Work order - What you produce should be the lines from the line containing "Desserts With Cocoa Powder" through the last line below, both ends included, reproduced exactly and without pictures.
START Data segment
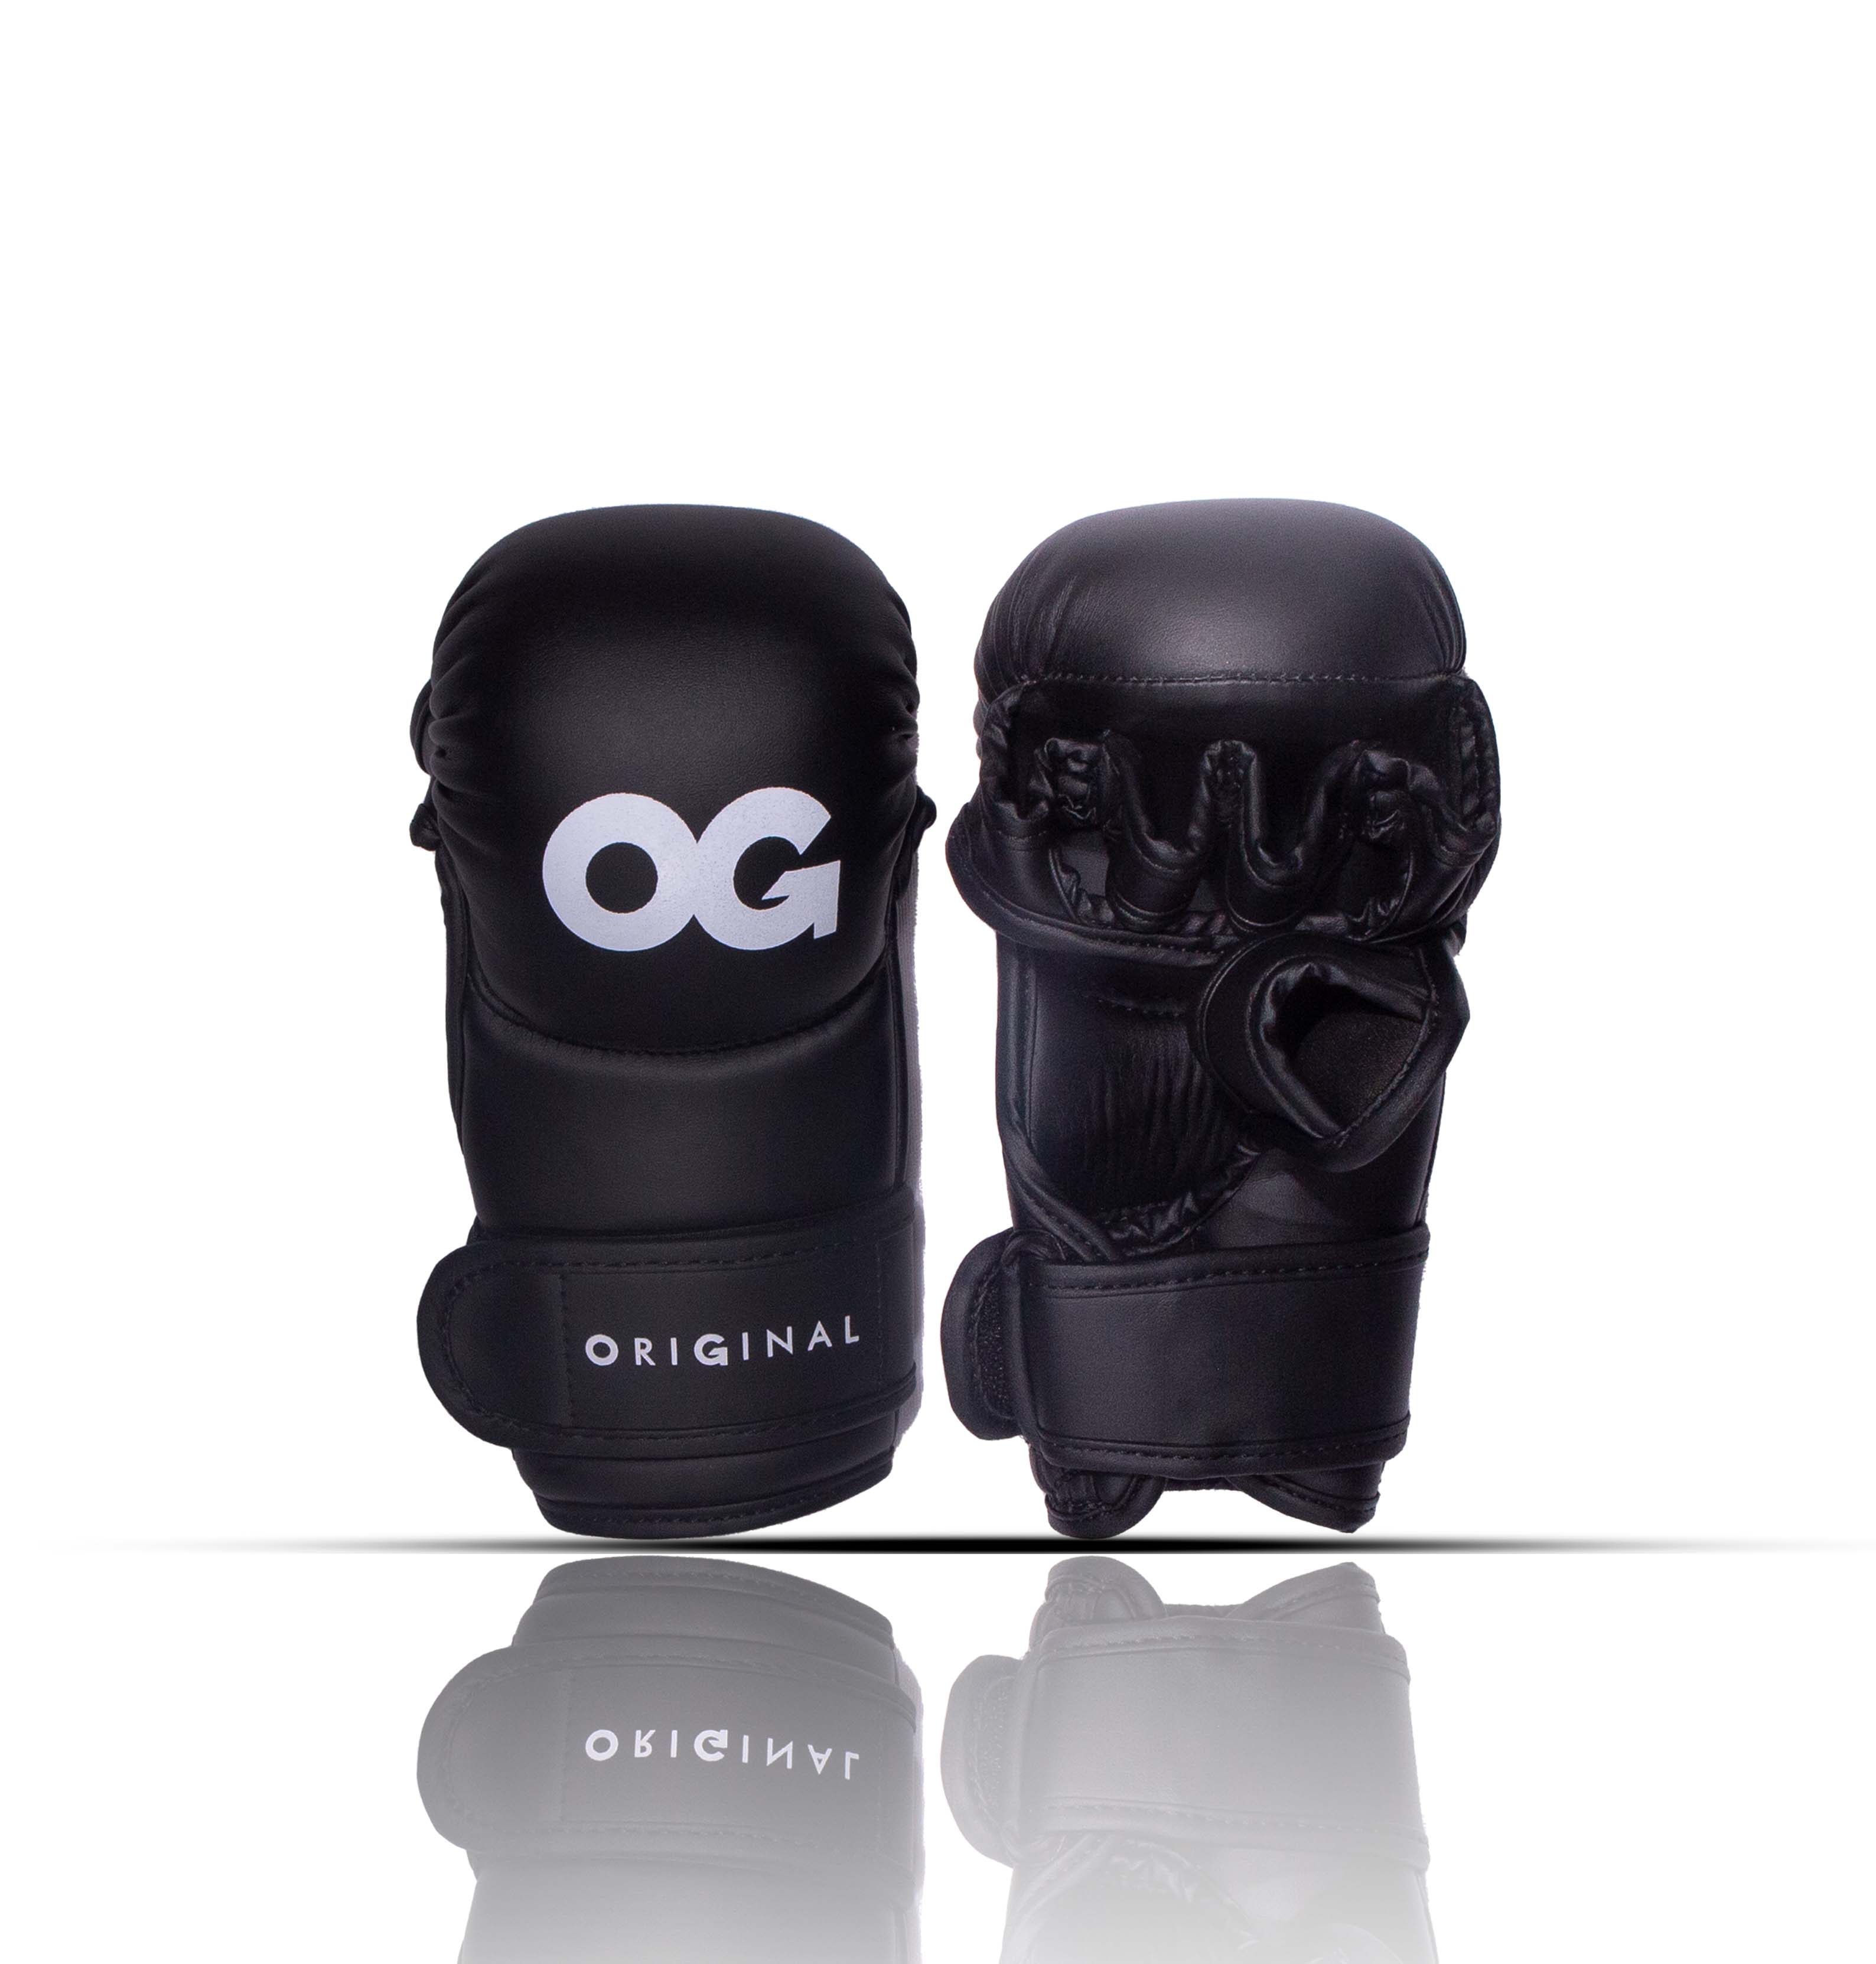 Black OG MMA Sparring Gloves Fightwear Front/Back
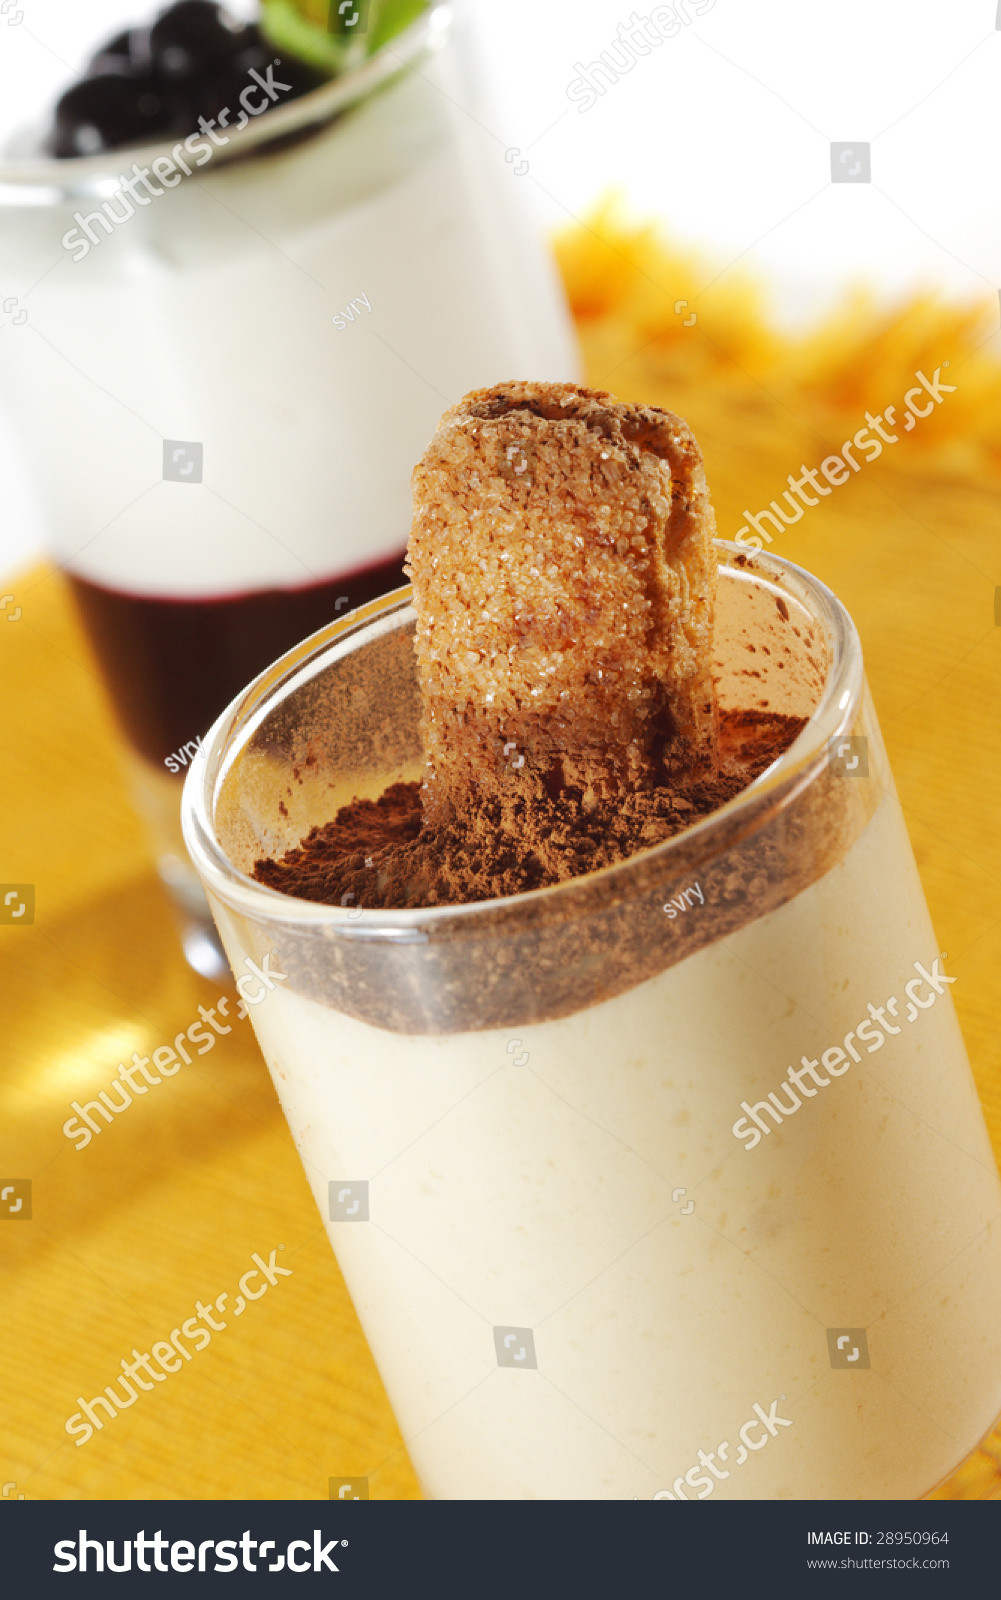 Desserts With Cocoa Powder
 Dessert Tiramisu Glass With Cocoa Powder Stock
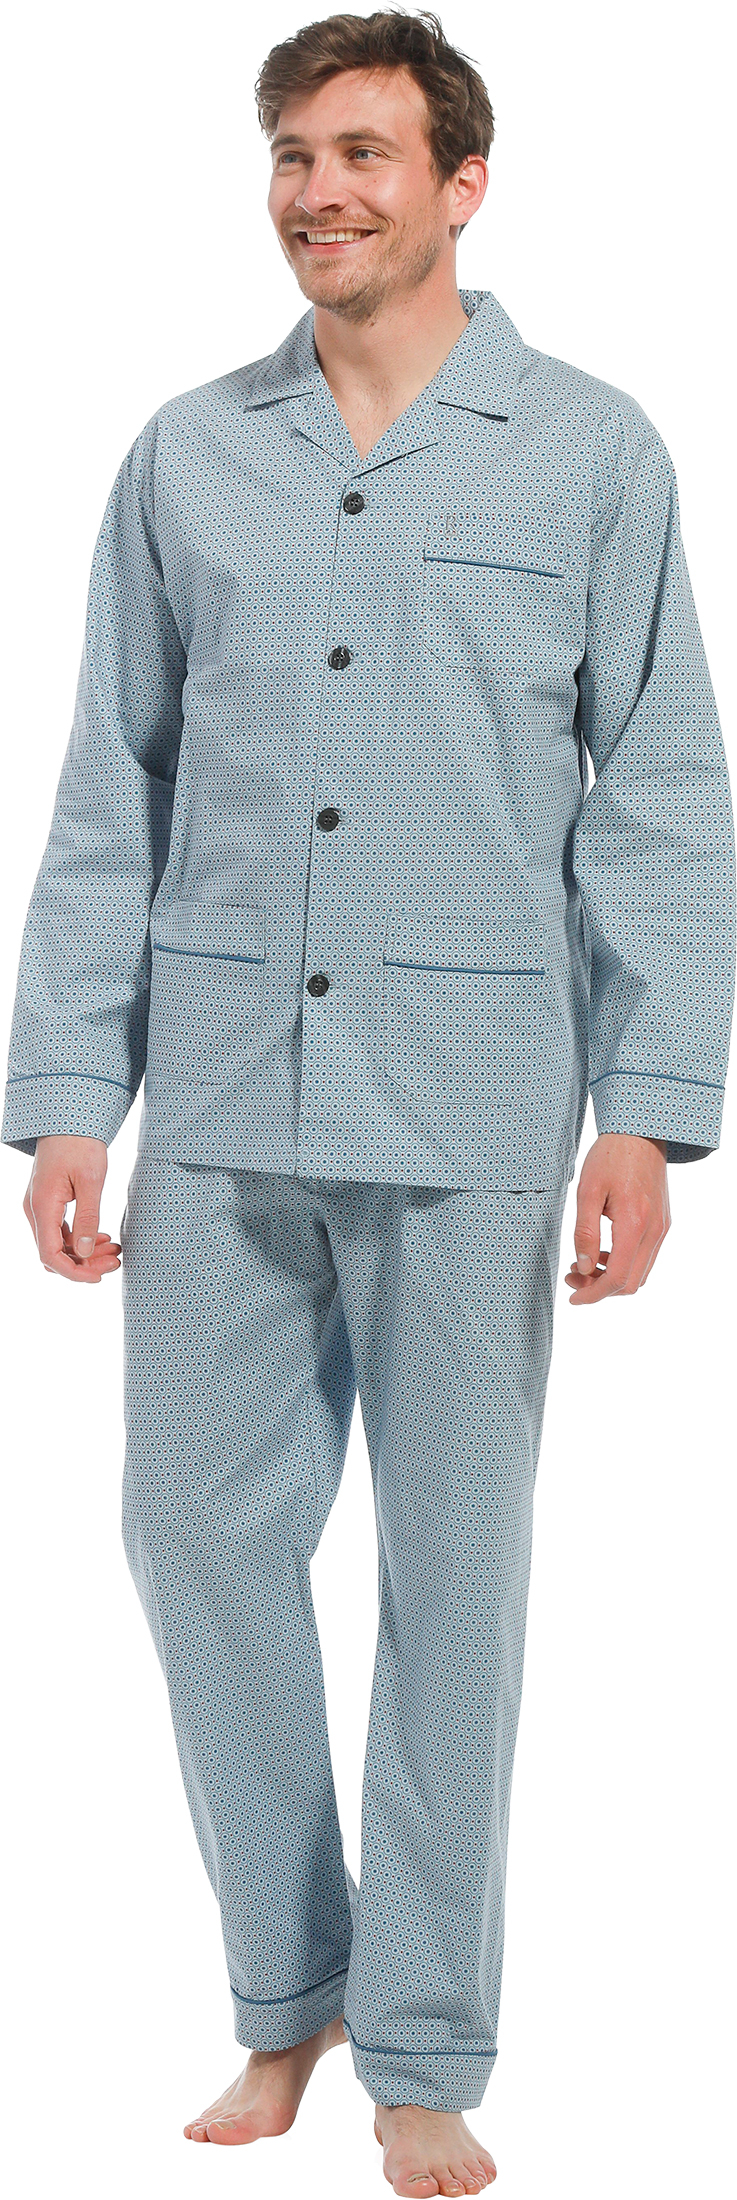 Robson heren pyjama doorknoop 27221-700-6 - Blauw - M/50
END Data segment
Answer to this problem -
 Desserts With Cocoa Powder
 Dessert Tiramisu Glass With Cocoa Powder Stock
 Robson heren pyjama doorknoop 27221-700-6 - Blauw - M/50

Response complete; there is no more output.